__Exercise goal__
With pictures left out, copy exactly every line from the one containing "Fortifying Conditioner. Weakened" through the end of the material.

__Dataset content__
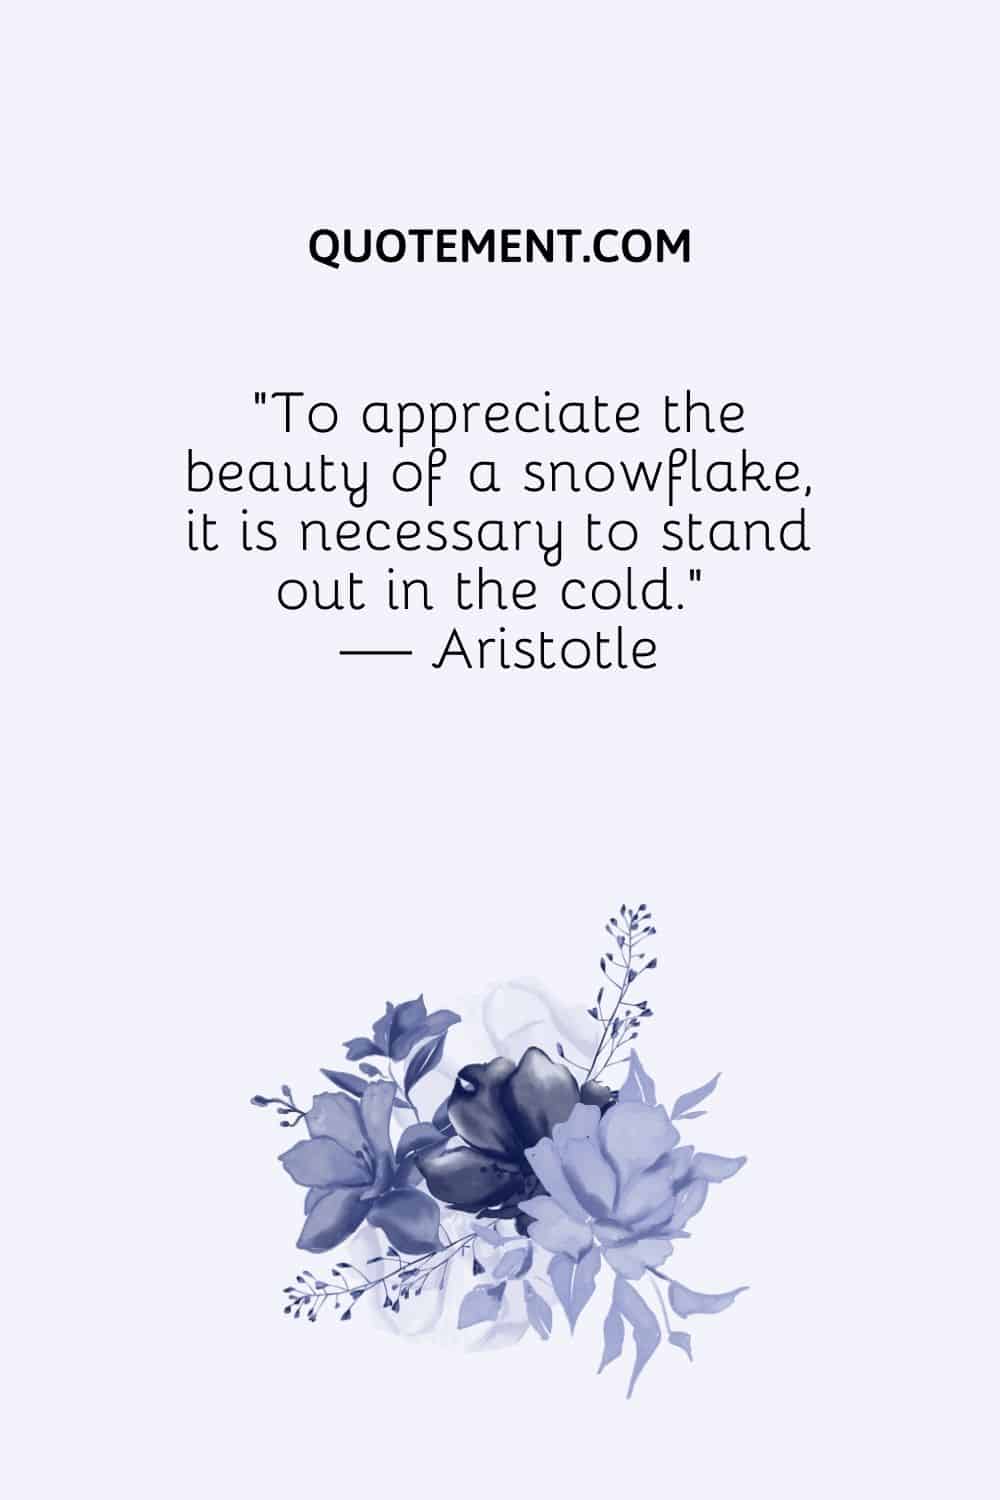 To appreciate the beauty of a snowflake, it is necessary to stand out in the cold
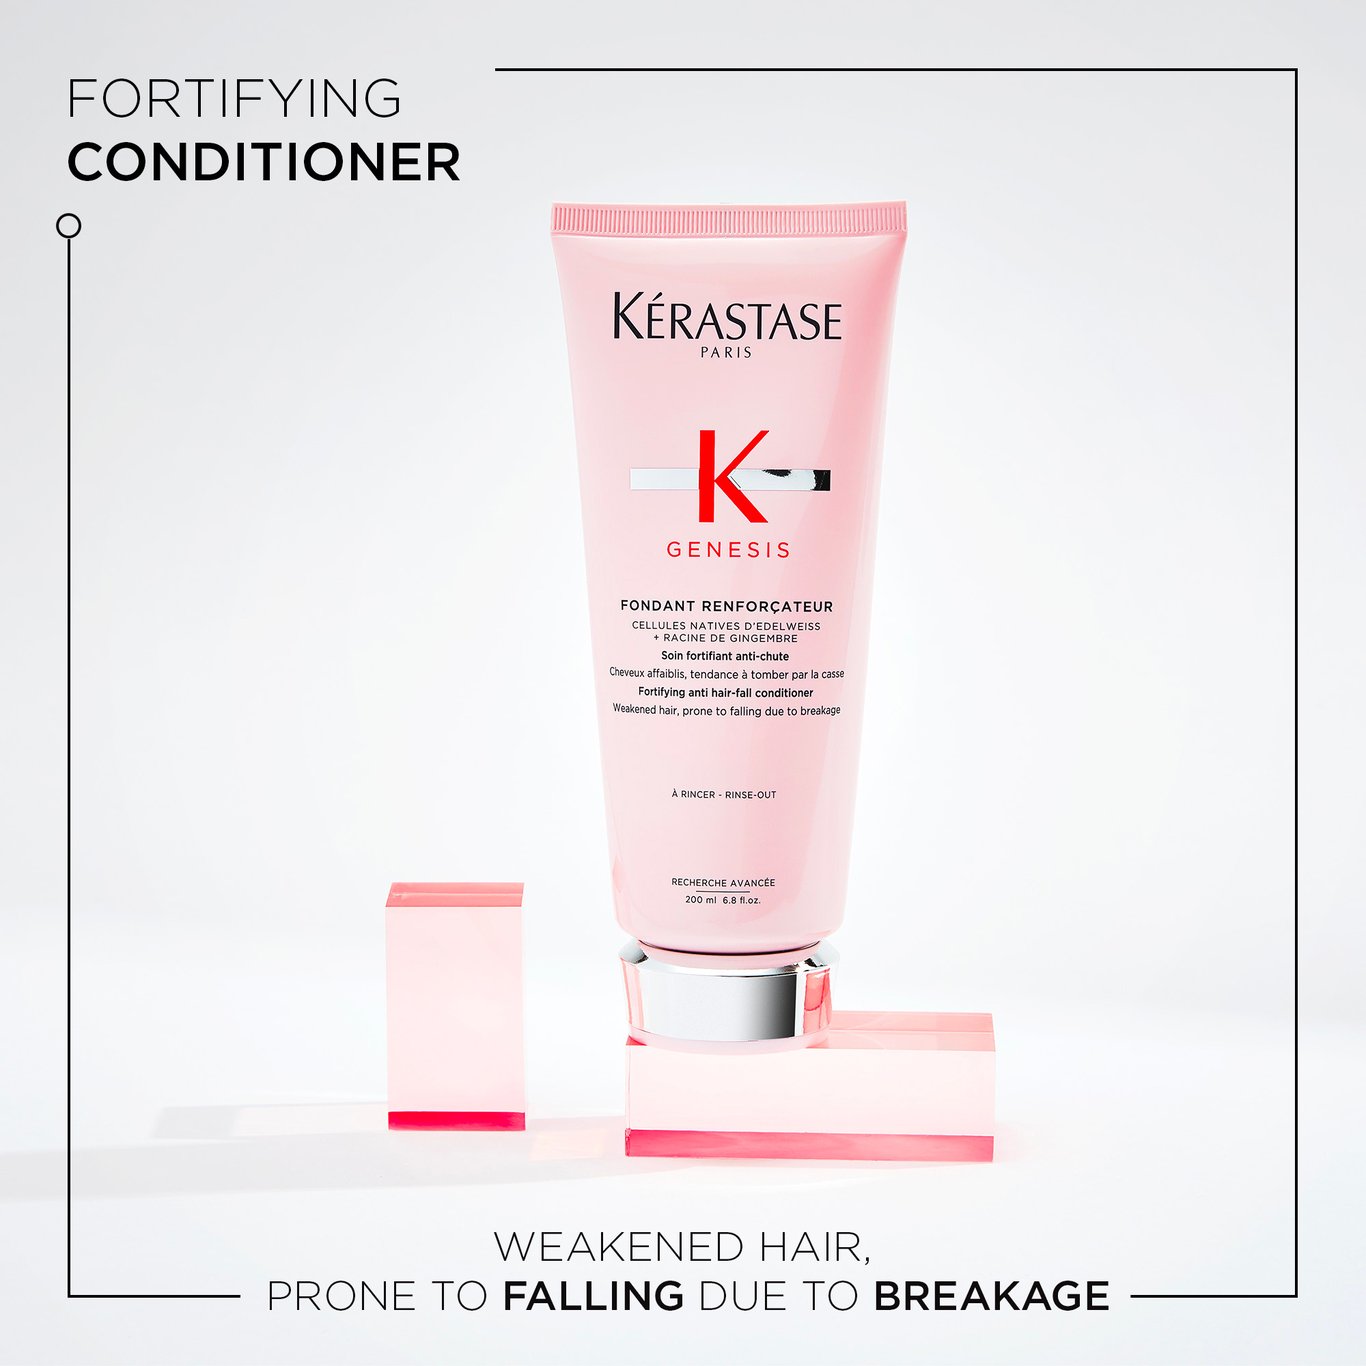 Fortifying Conditioner. Weakened hair, prone to falling due to breakage
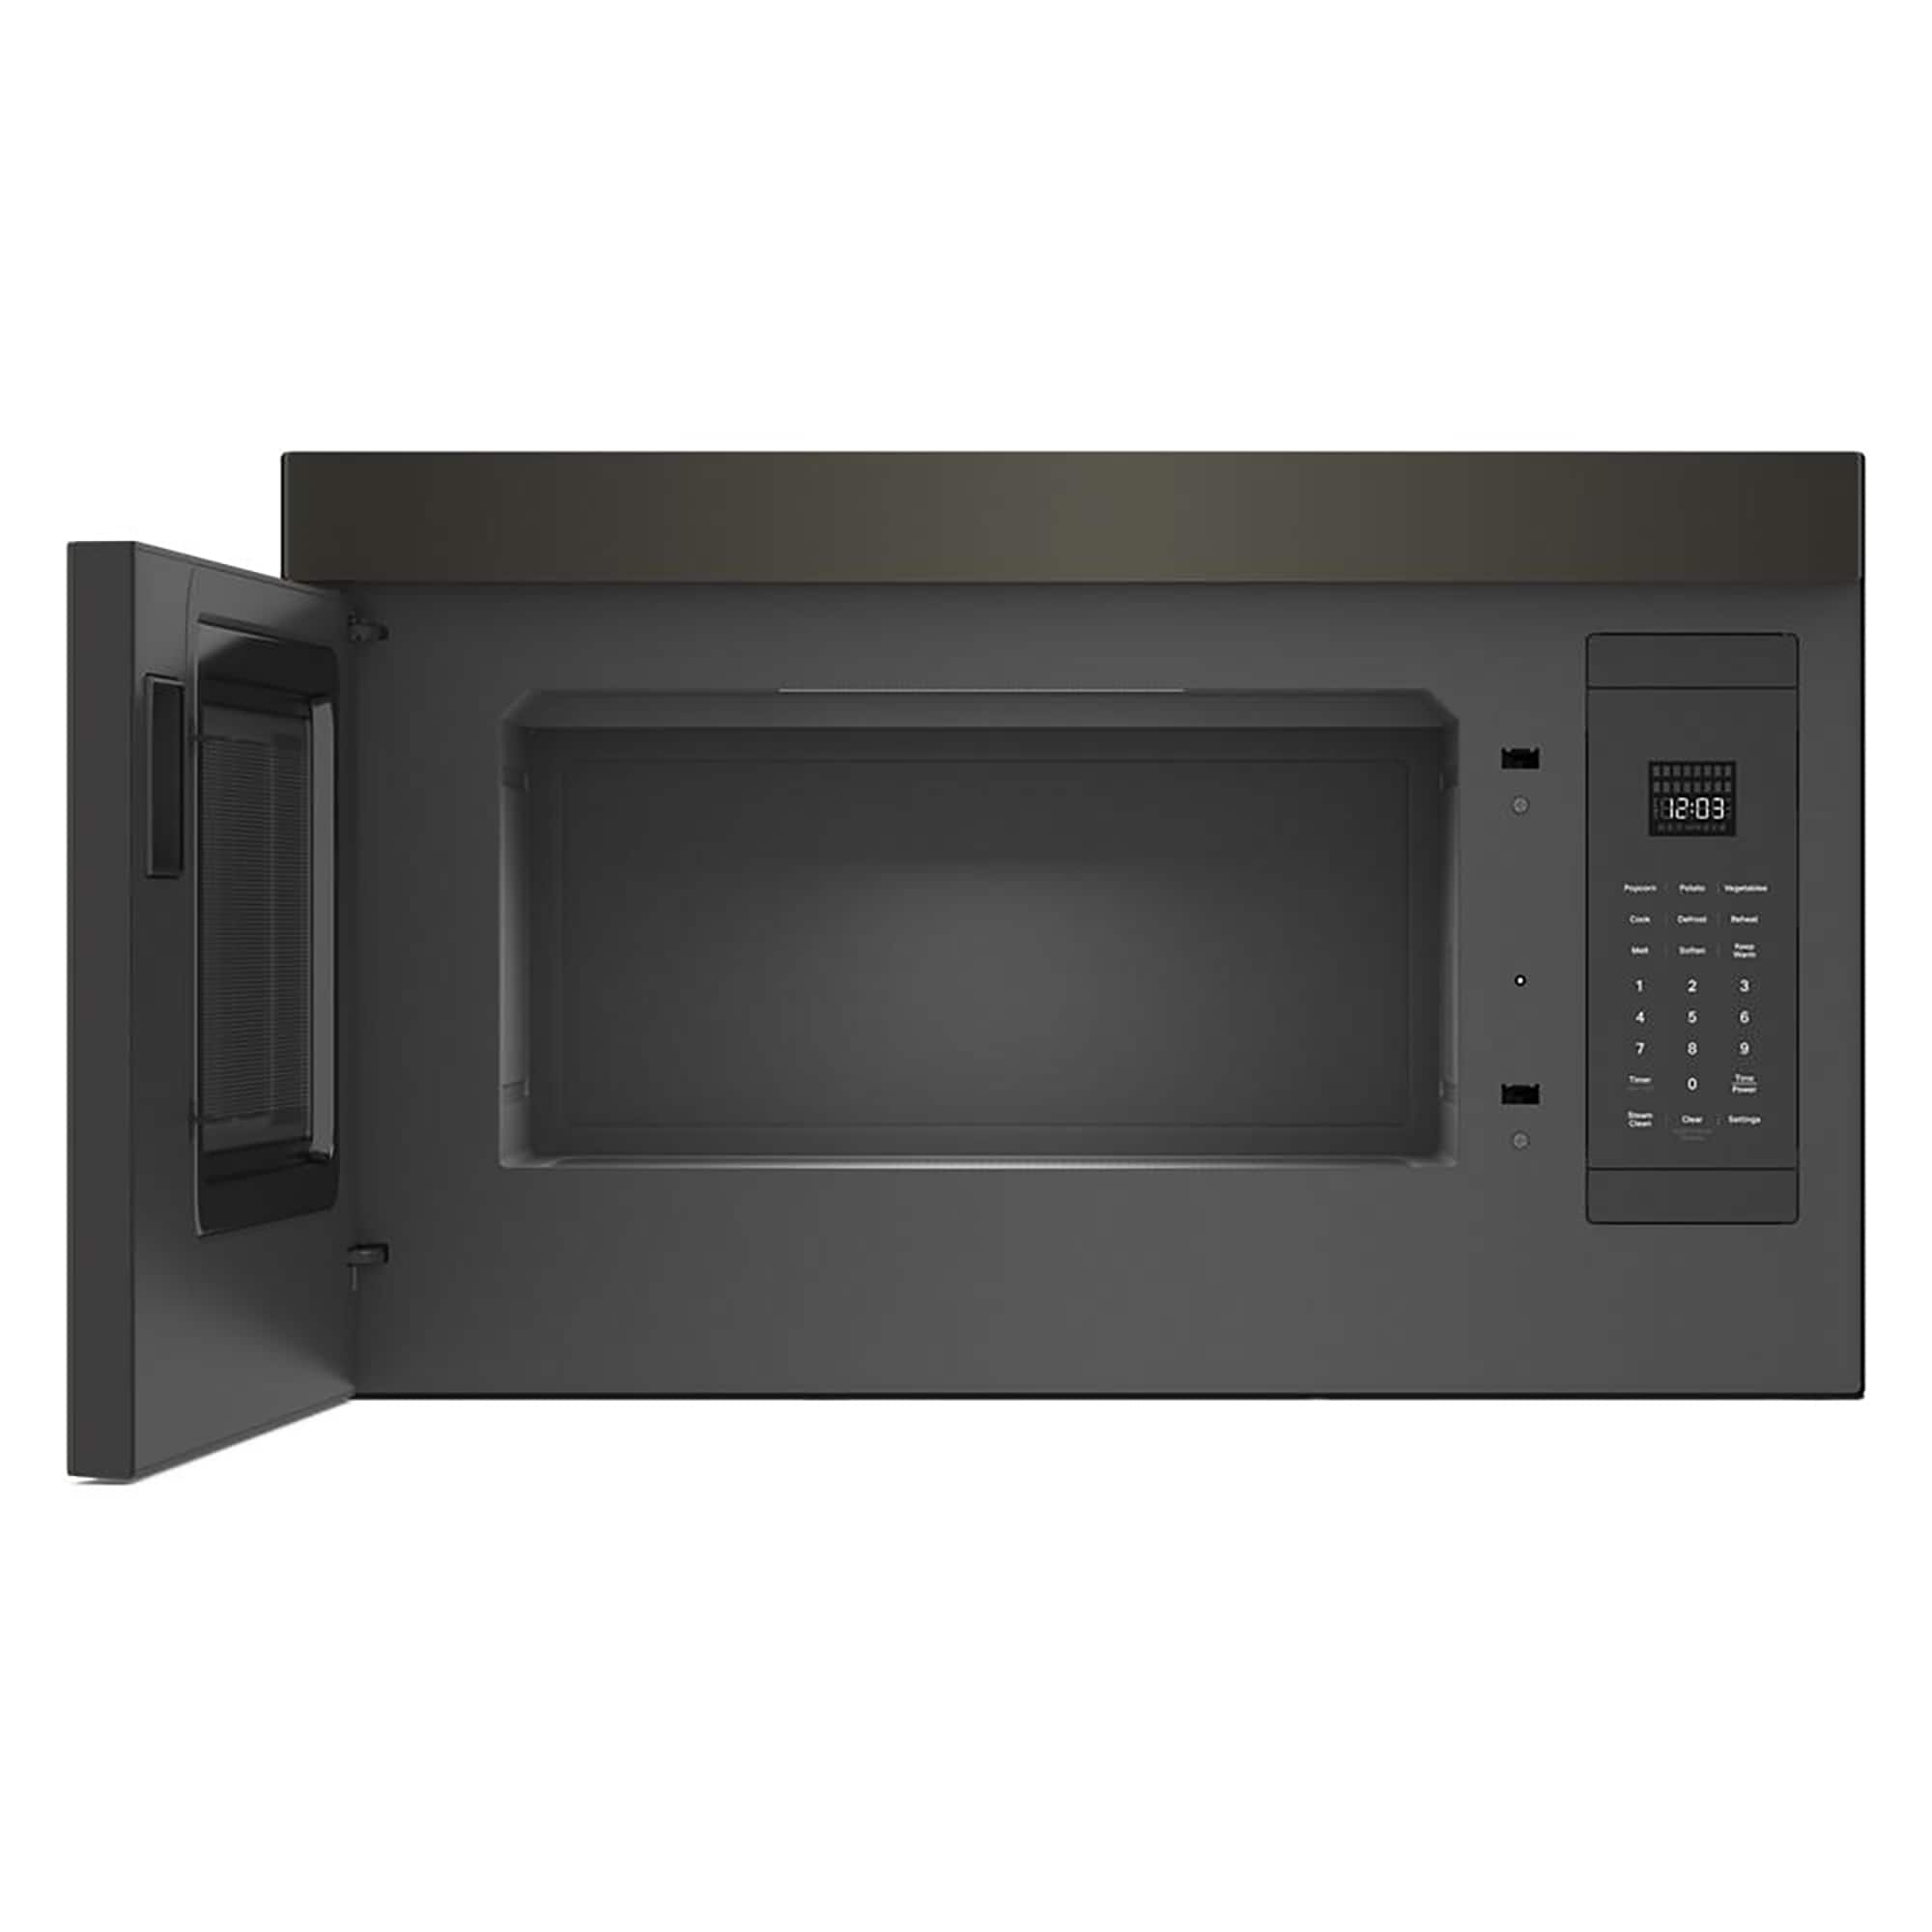 KitchenAid 30 1.1 Cu. Ft. Over-the-Range Microwave with 10 Power Levels,  500 CFM & Sensor Cooking Controls - Black Stainless Steel with PrintShield  Finish
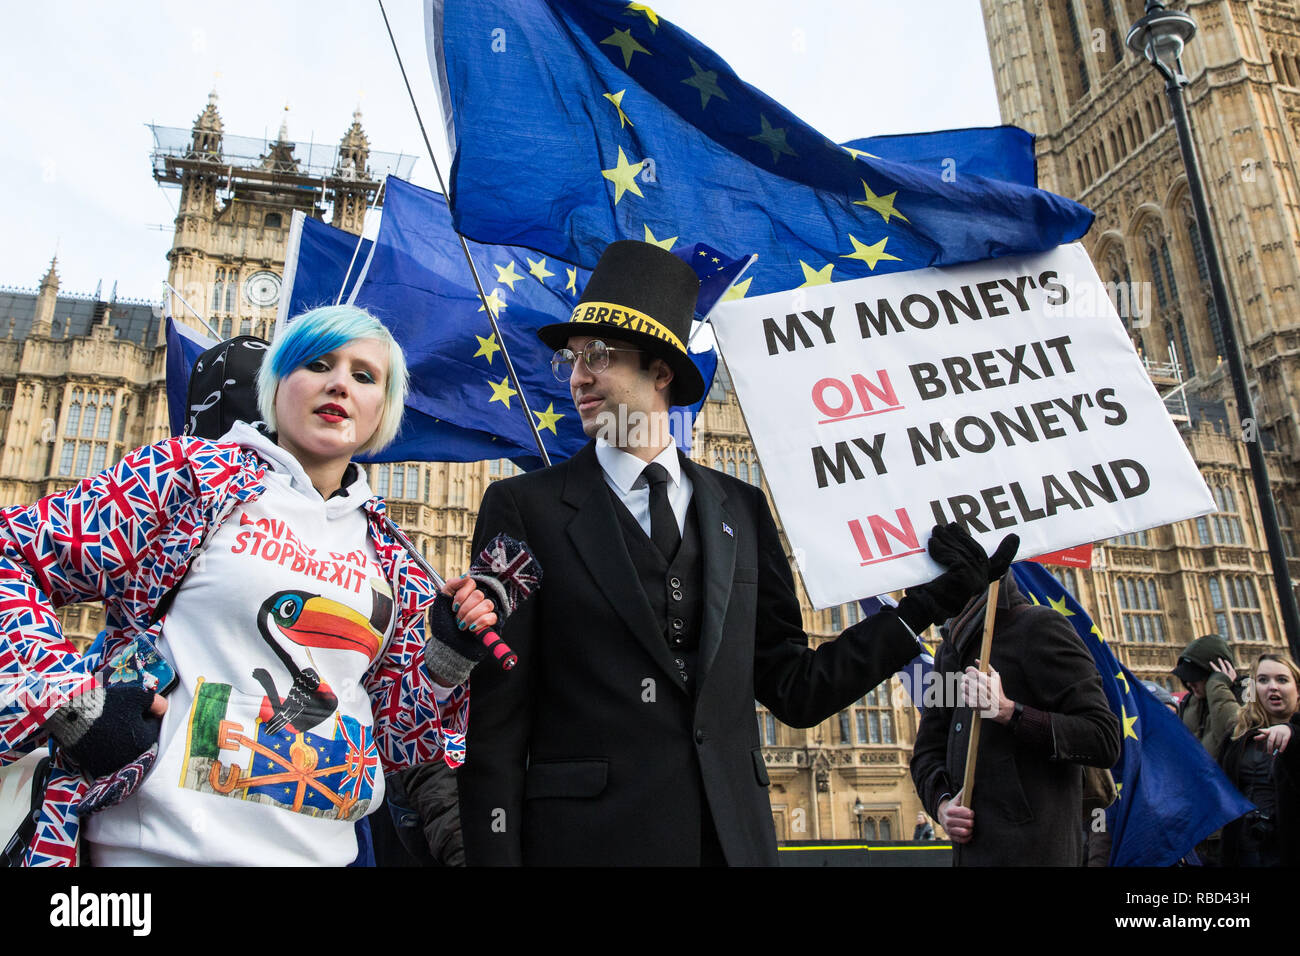 London, UK. 9th Jan, 2019. EU Supergirl Madeleina Kay stands with a fellow anti-Brexit activist disguised as Jacob Rees-Mogg and carrying a sign reading 'My Money's on Brexit My Money's in Ireland' during a protest by pro-EU group SODEM (Stand of Defiance European Movement) outside Parliament on the first day of the debate in the House of Commons on Prime Minister Theresa May's proposed Brexit withdrawal agreement. Credit: Mark Kerrison/Alamy Live News Stock Photo

__Solved exercise__
 Fortifying Conditioner. Weakened hair, prone to falling due to breakage
 KitchenAid 30 1.1 Cu. Ft. Over-the-Range Microwave with 10 Power Levels,  500 CFM & Sensor Cooking Controls - Black Stainless Steel with PrintShield  Finish
 London, UK. 9th Jan, 2019. EU Supergirl Madeleina Kay stands with a fellow anti-Brexit activist disguised as Jacob Rees-Mogg and carrying a sign reading 'My Money's on Brexit My Money's in Ireland' during a protest by pro-EU group SODEM (Stand of Defiance European Movement) outside Parliament on the first day of the debate in the House of Commons on Prime Minister Theresa May's proposed Brexit withdrawal agreement. Credit: Mark Kerrison/Alamy Live News Stock Photo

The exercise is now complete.